May 14, 2003

MEDIA CONTACT: Valerie Matthews Mehl
PHONE: 410-955-1287
E-MAIL: mehlva@jhmi.edu

Hopkins Scientists Uncover Role of Fanconi Anemia Genes in Pancreatic Cancer

Scientists at the Johns Hopkins Kimmel Cancer Center have identified three genes, long linked to a rare inherited disease known as Fanconi Anemia (FA), that now appear to play a role in many cases of pancreatic cancer.

All of the genes identified, when functioning normally, are part of the DNA repair process. The work is reported in the May 15, 2003, issue of Cancer Research.

"What we think we have is a new genetic cause of some cases, approximately 10 percent or more, of pancreatic cancers, one of the most lethal forms of cancer," according to Scott Kern, M.D., professor of oncology and pathology at the Sidney Kimmel Comprehensive Cancer Center at Johns Hopkins and director of the study. The good news is that these genes offer new targets for improved treatment, he says.

The genes have all been associated with Fanconi Anemia. Those affected are born with only a single normal copy of one or more of the genes. Though they do not develop FA, these people often develop pancreatic cancer, usually in their 40s and 50s, about a decade earlier than average age of onset, according to Kern.

"The up side is that while these gene mutations cause a horrific disease, they may actually be the Achilles heel of the tumor and make these particular cancers more responsive to treatment," says Kern.

The culprit genes, including BRCA2, linked by other earlier studies to breast cancer, as well as two other genes FANCC and FANCG, appear to make pancreatic cancer cells highly susceptible to treatment with two FDA-approved cancer drugs mitomycin C and cisplatin. Human clinical trials are now being planned.

Normally, the genes are responsible for keeping DNA in good repair. As DNA is copied for cell replication, these genes compare the copies of DNA and fix any breaks. Mitomycin C and cisplatin work by causing the exact breaks these genes are supposed to repair. In the subset of patients whose pancreatic cancer is caused by mutations of these repair genes, the cancer cells are missing this repair mechanism making them unable to fix the breaks caused by the drugs, so the cancer cells should die, Kern says.

Both drugs are currently used in pancreatic cancer therapy, and though some remissions have been reported, the drugs have been largely ineffective. Kern suspects it's a matter of a patient selection and dose.

Kern says preliminary laboratory and animal studies suggest low doses over a prolonged period of time may have the most benefit, and probably only in patients with FA gene mutations. He is now working with other investigators to develop clinical trials to study the drugs in patients with early onset disease, which may be caused by FA gene mutants.

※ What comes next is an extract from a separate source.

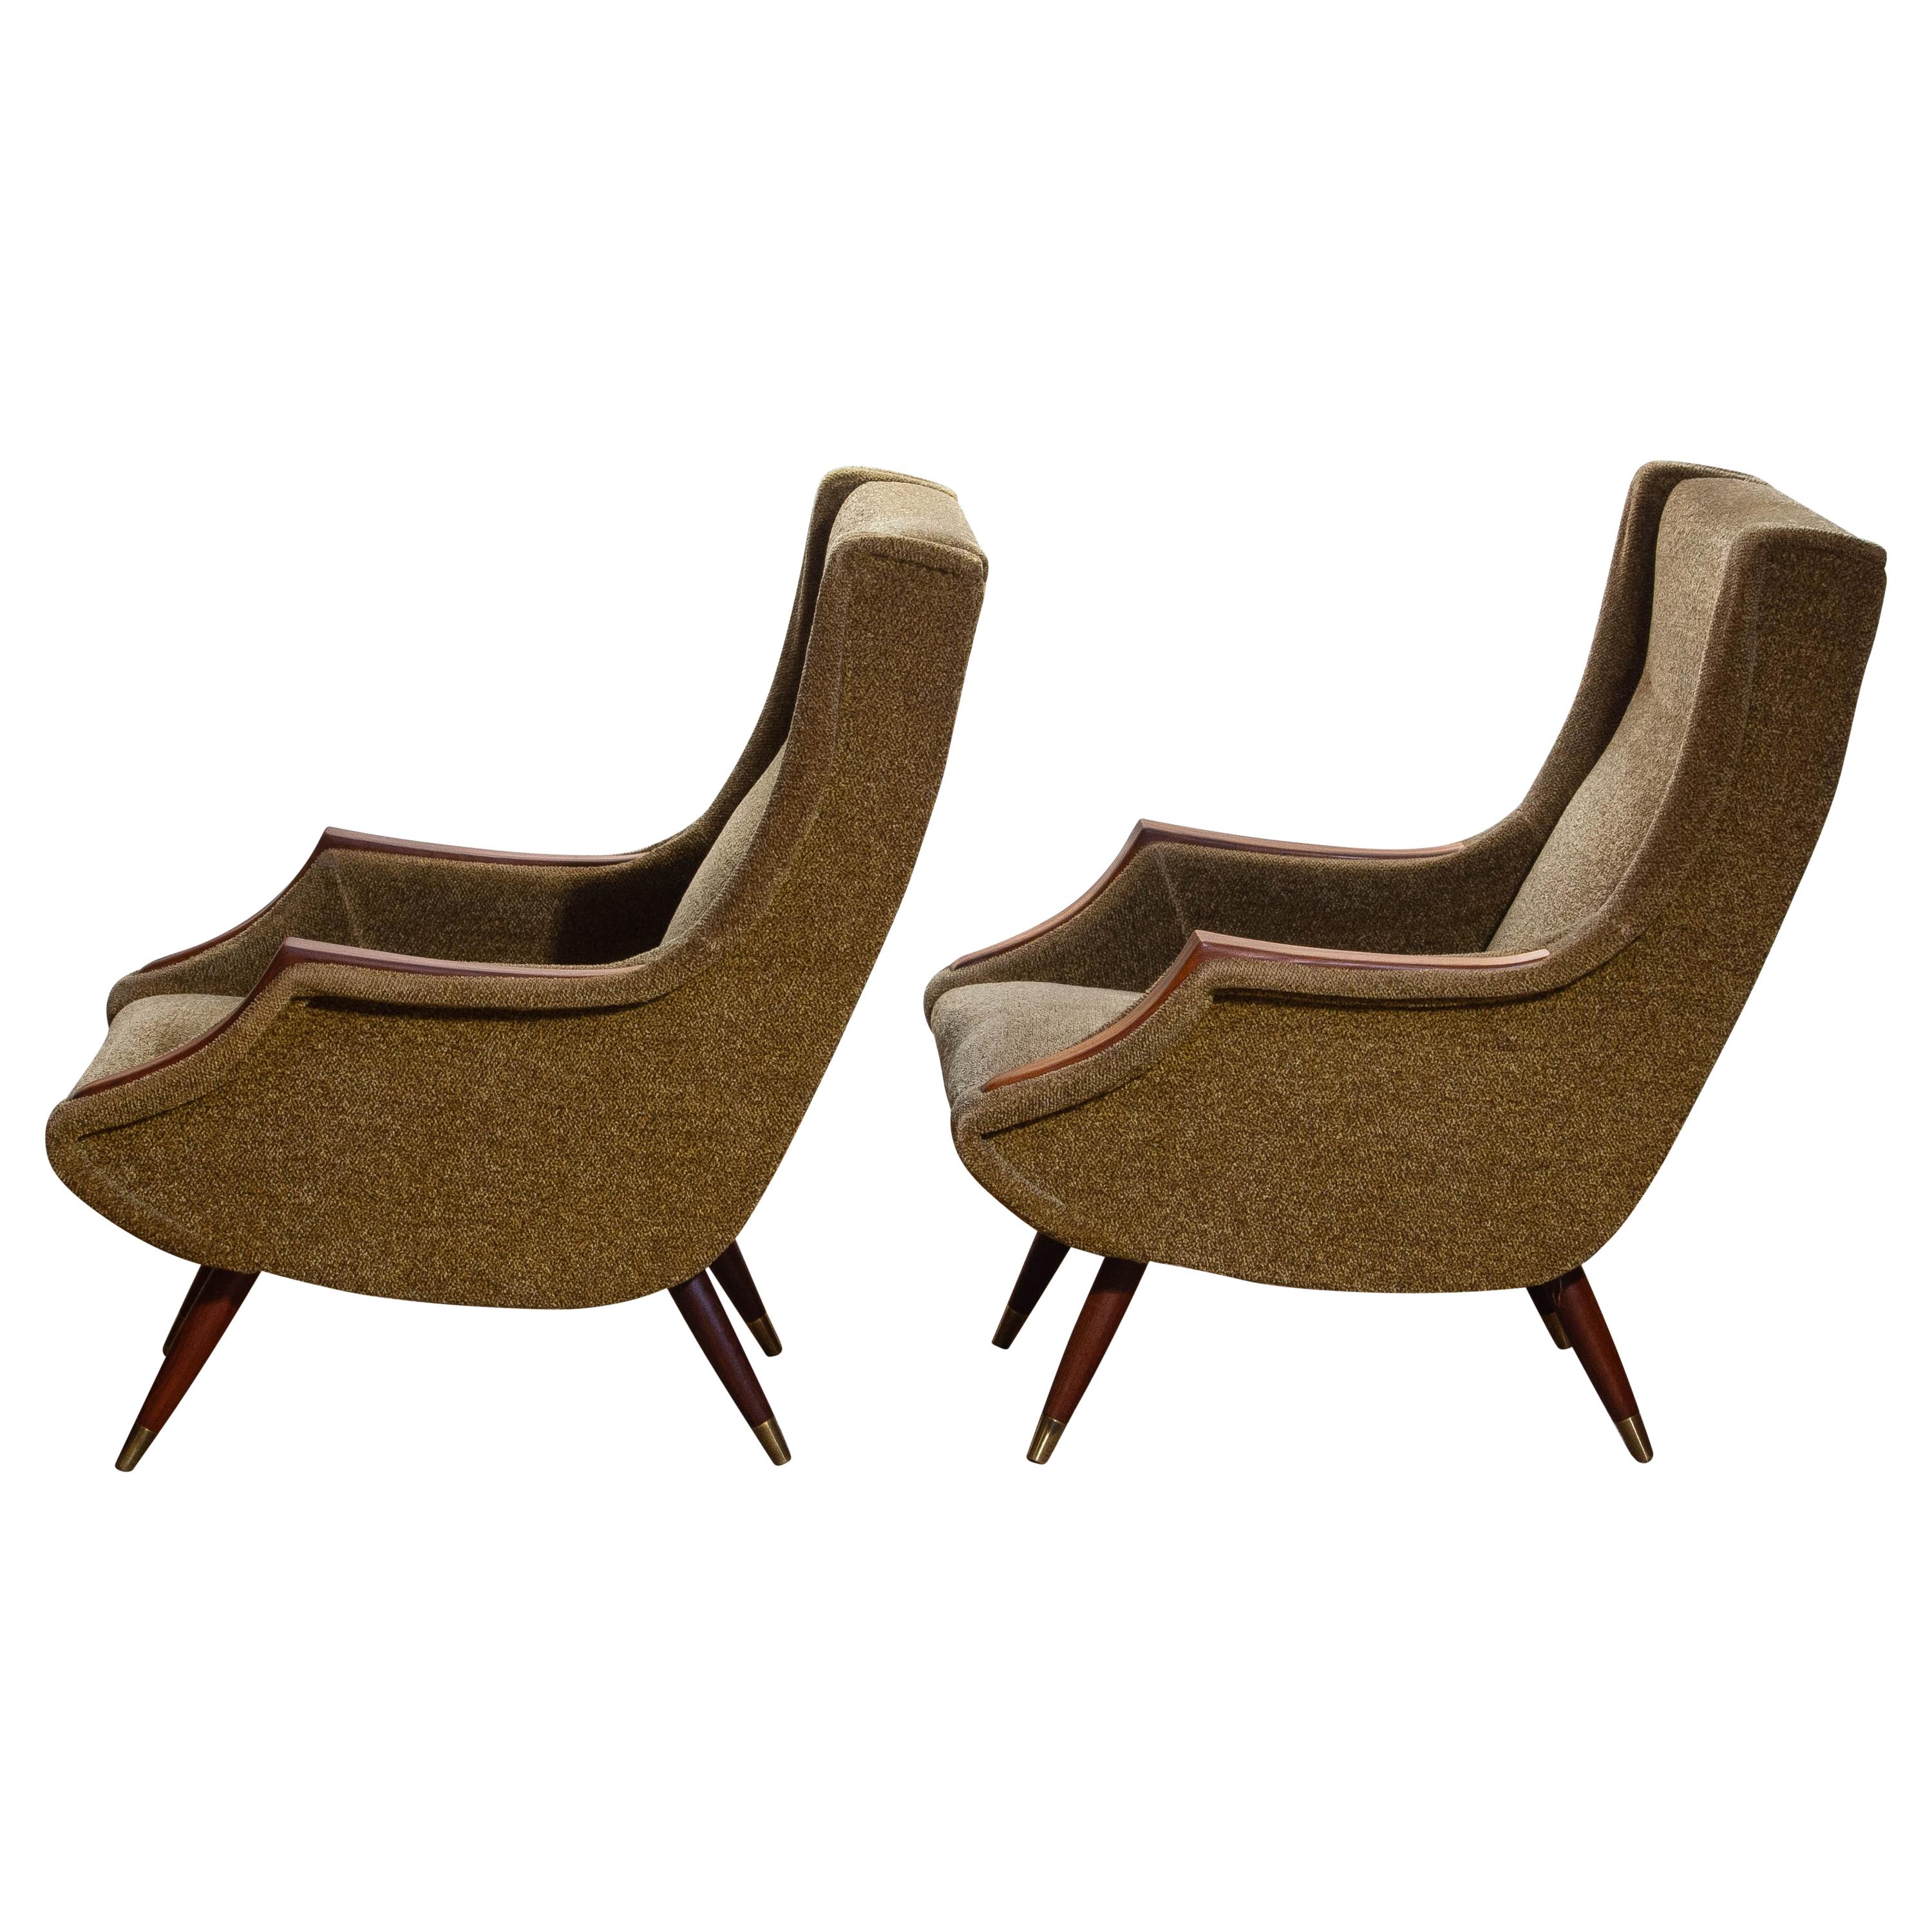 Italian 1950s, Set of Lounge Easy Club Chairs by Aldo Morbelli for Isa Bergamo, Italy

In the study, the scientists examined a panel of human pancreatic cancers. They found mutations of FA-related genes in three of nine of tumor samples from patients aged 50 or younger. The researchers believe these mutations are common among the general population, estimating that about 1 in every 300 people have inherited a mutated copy of at least one FA gene.

"Our findings also tell us that cancers that appear to occur randomly in the population may not always really be so random," Kern says. "It is likely that the origin of many cancers could be traced back to similar inherited genetic mutations," says Kern.

People born with just one normal copy of the FA genes have an unfortunate head start on the cancer process, Kern says. If that one good copy is lost from dietary and/or environmental exposures, the cellular mistakes go unchecked, accelerating the initiation of cancer. He suspects these mutations could be responsible for a subset of other cancers as well, including certain breast, ovarian, and prostate cancers.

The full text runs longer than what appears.